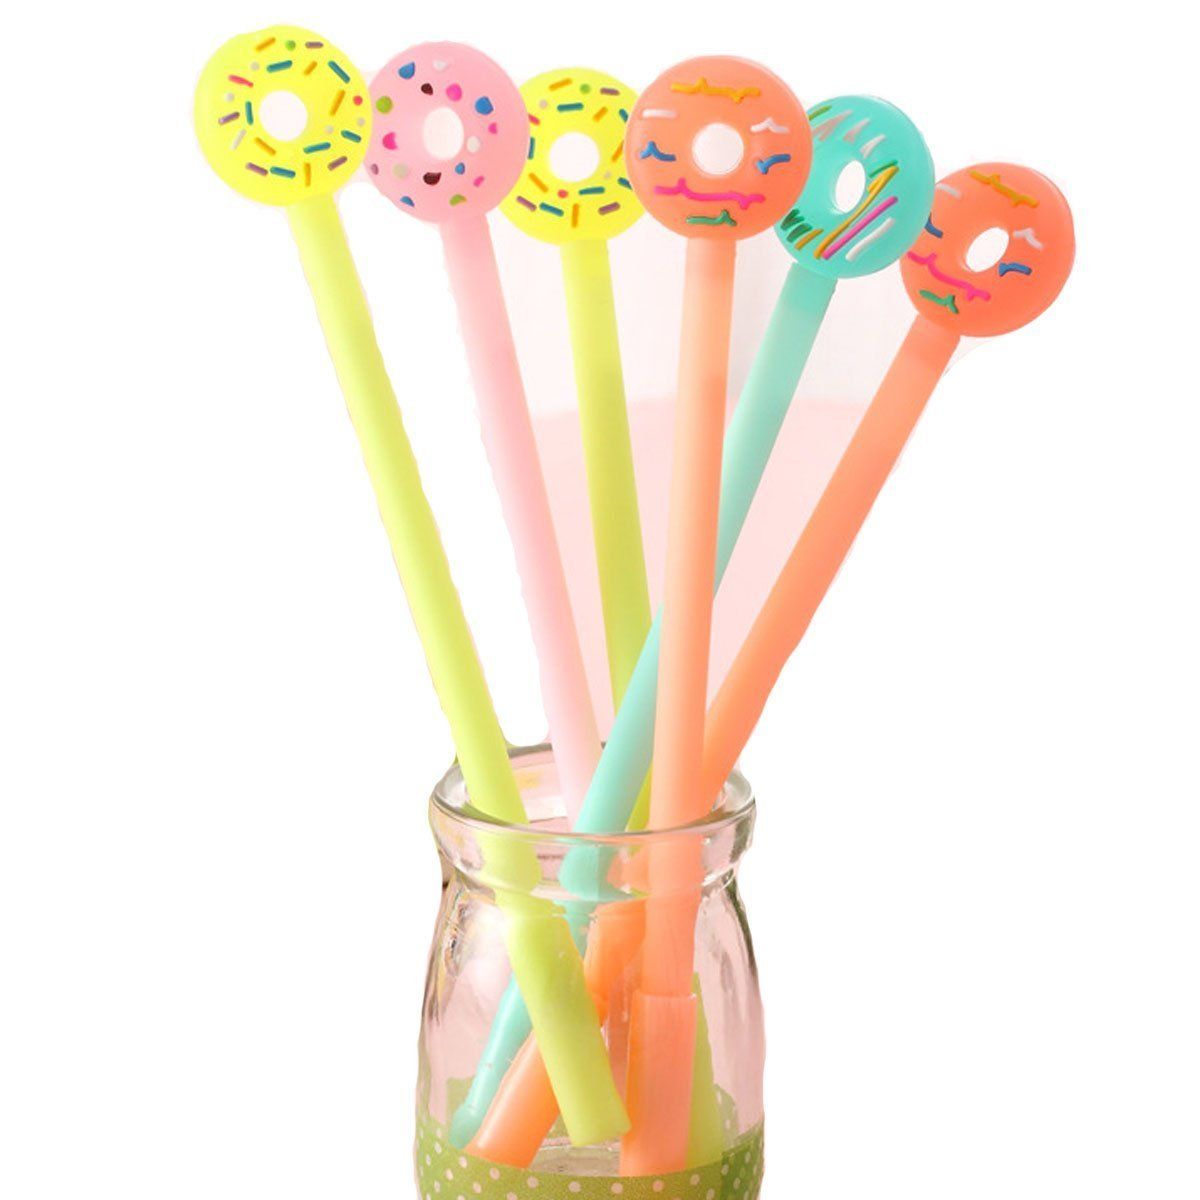 WIN-MARKET Fashion Cute Cool Lollipop Candy Color Cartoon Doughnuts Gel Pen Creative Cartoon Ball Pens Office School Supply Stationery (6PCS)
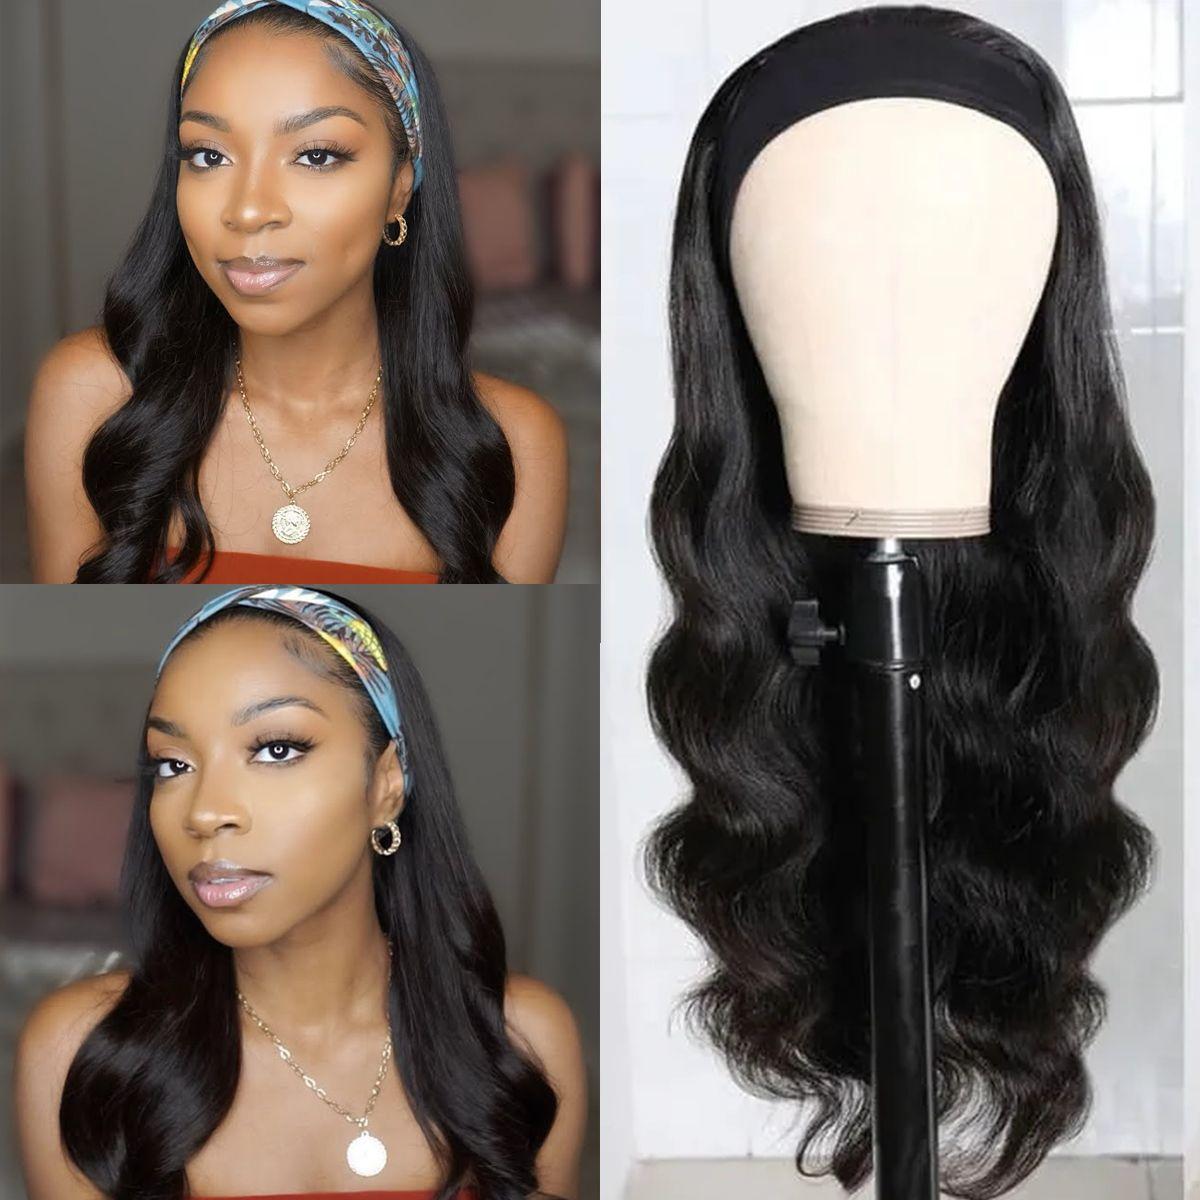 Body-wave-headband-wig-5
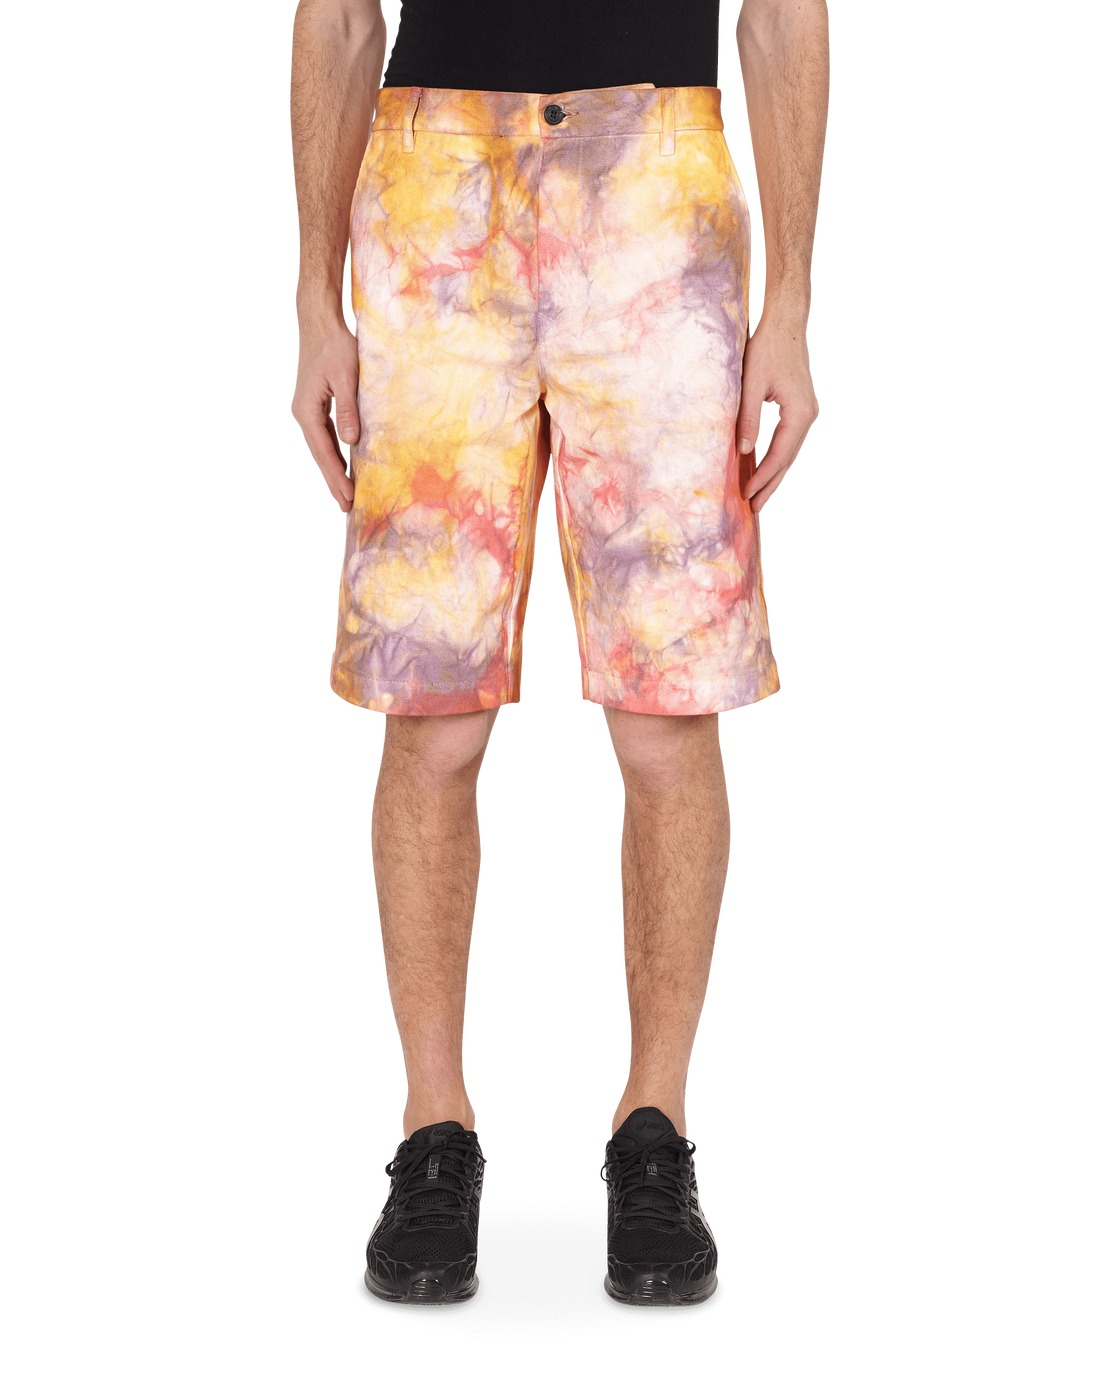 Aries Tie Dye Chino Shorts Multicolor
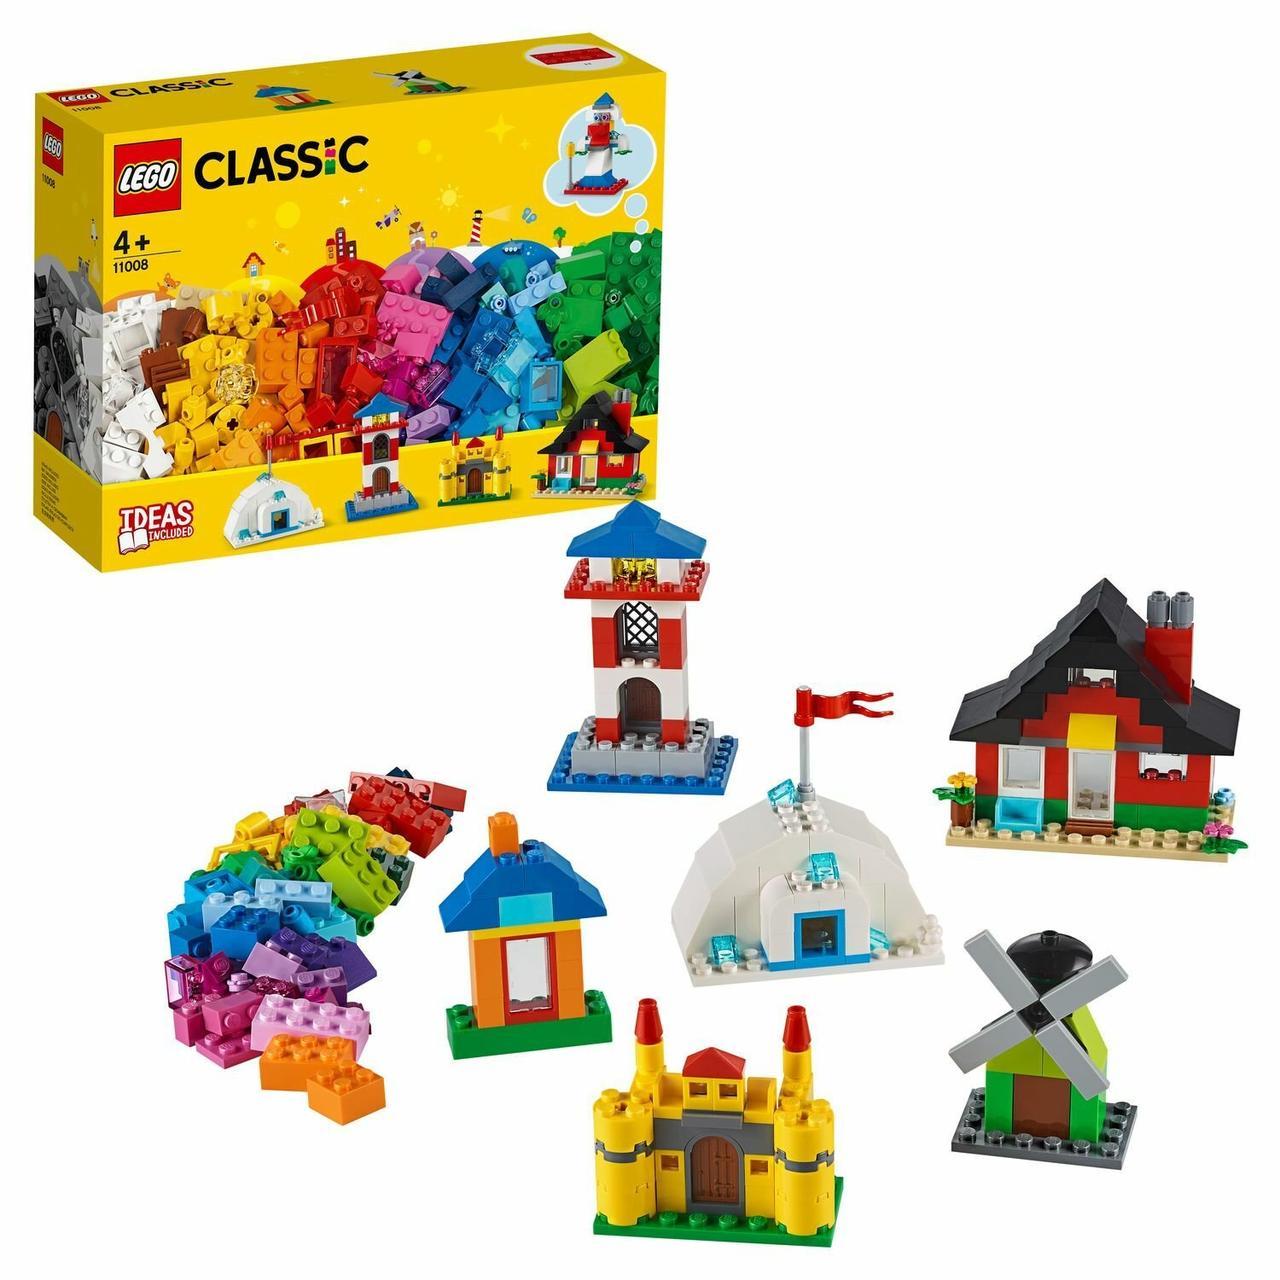 Конструктор LEGO Classic Кубики и домики 11008
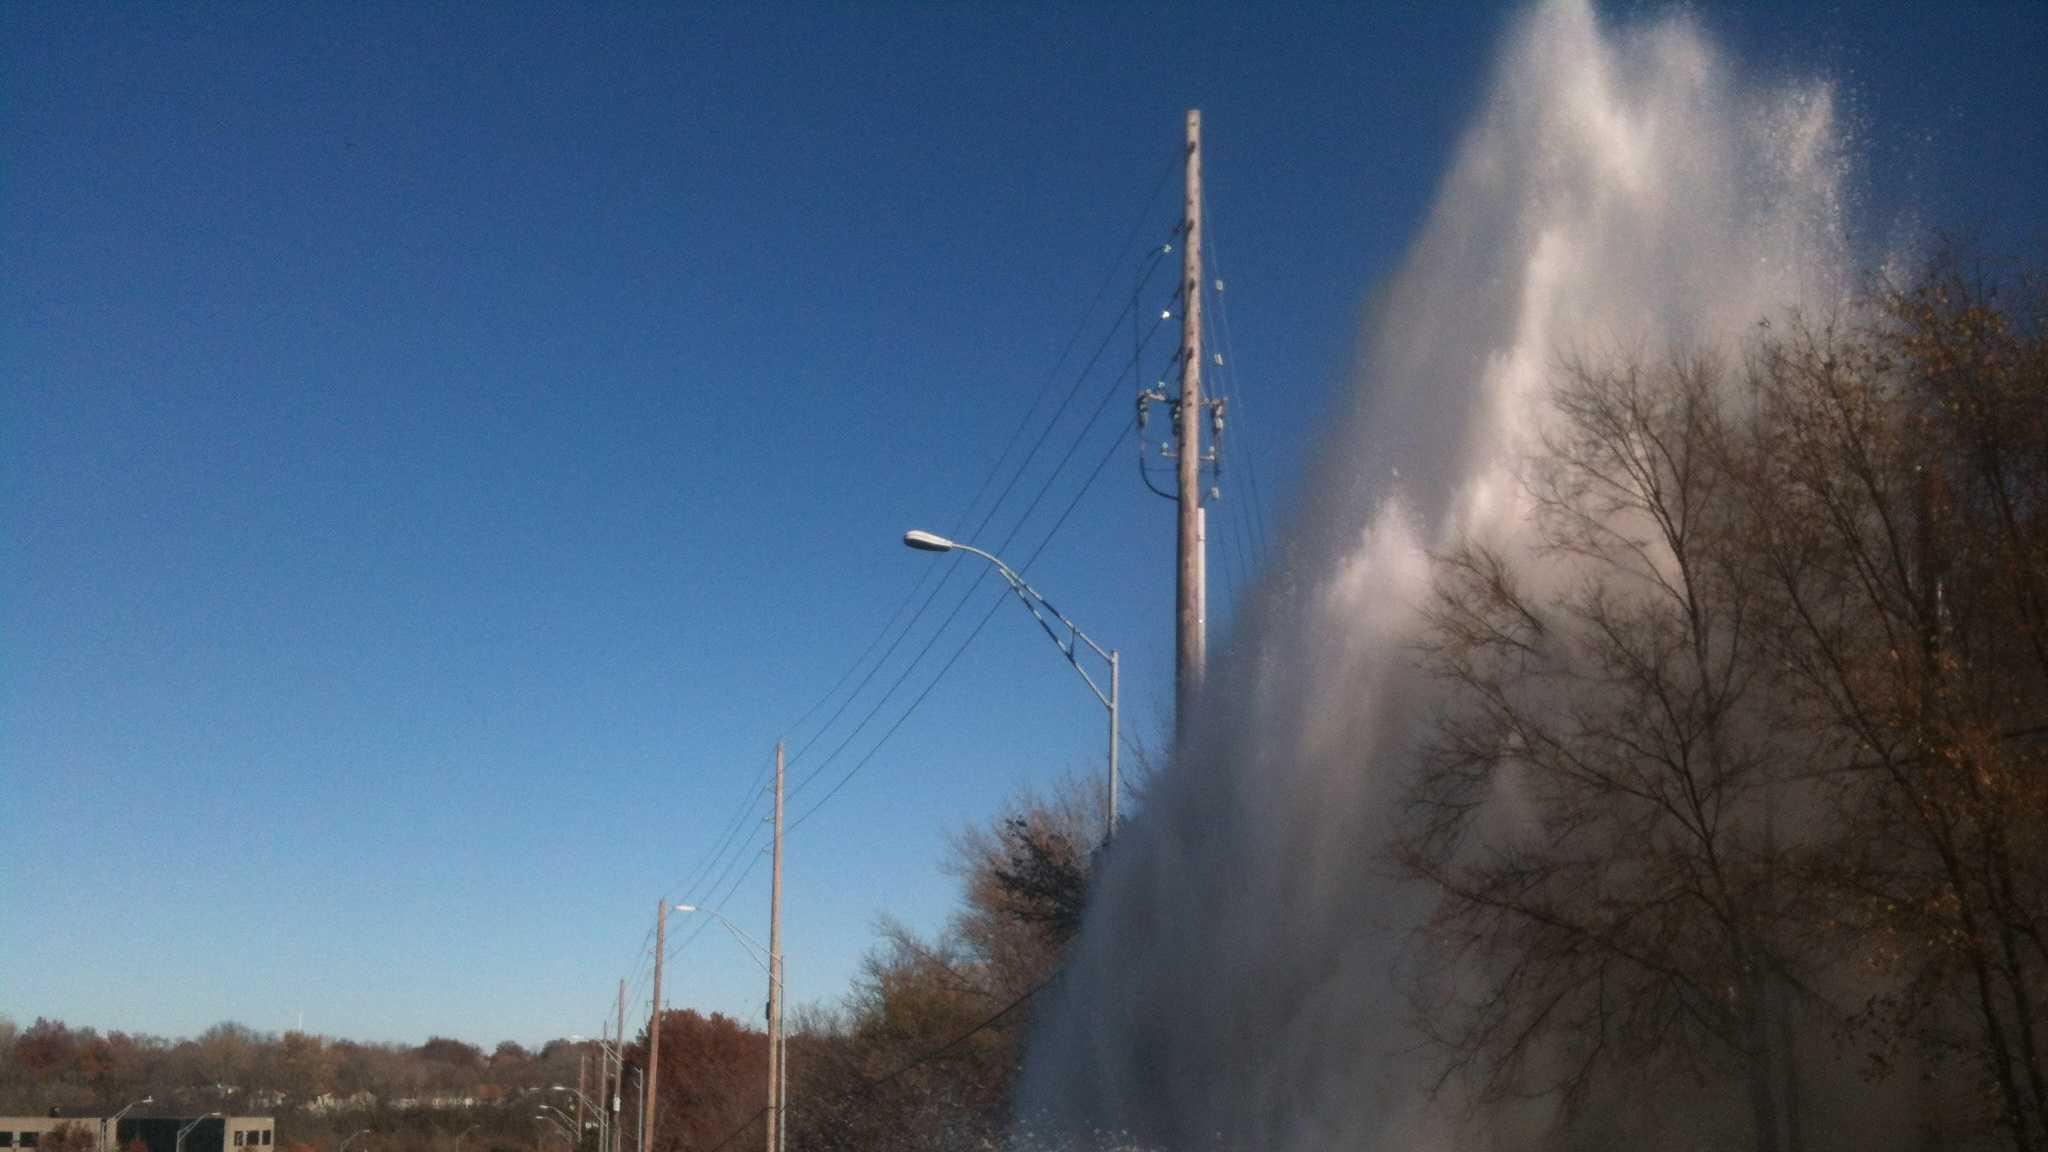 95th Street and Wornall Road water main break

**What the task requires**:
Skip all pictures. Then give again, exactly, each line from the line holding "Body-wave-headband-wig-5" through the last line of the listing above, both ends included.

**Finished exercise**:
 Body-wave-headband-wig-5
 Aries Tie Dye Chino Shorts Multicolor
 Конструктор LEGO Classic Кубики и домики 11008
 95th Street and Wornall Road water main break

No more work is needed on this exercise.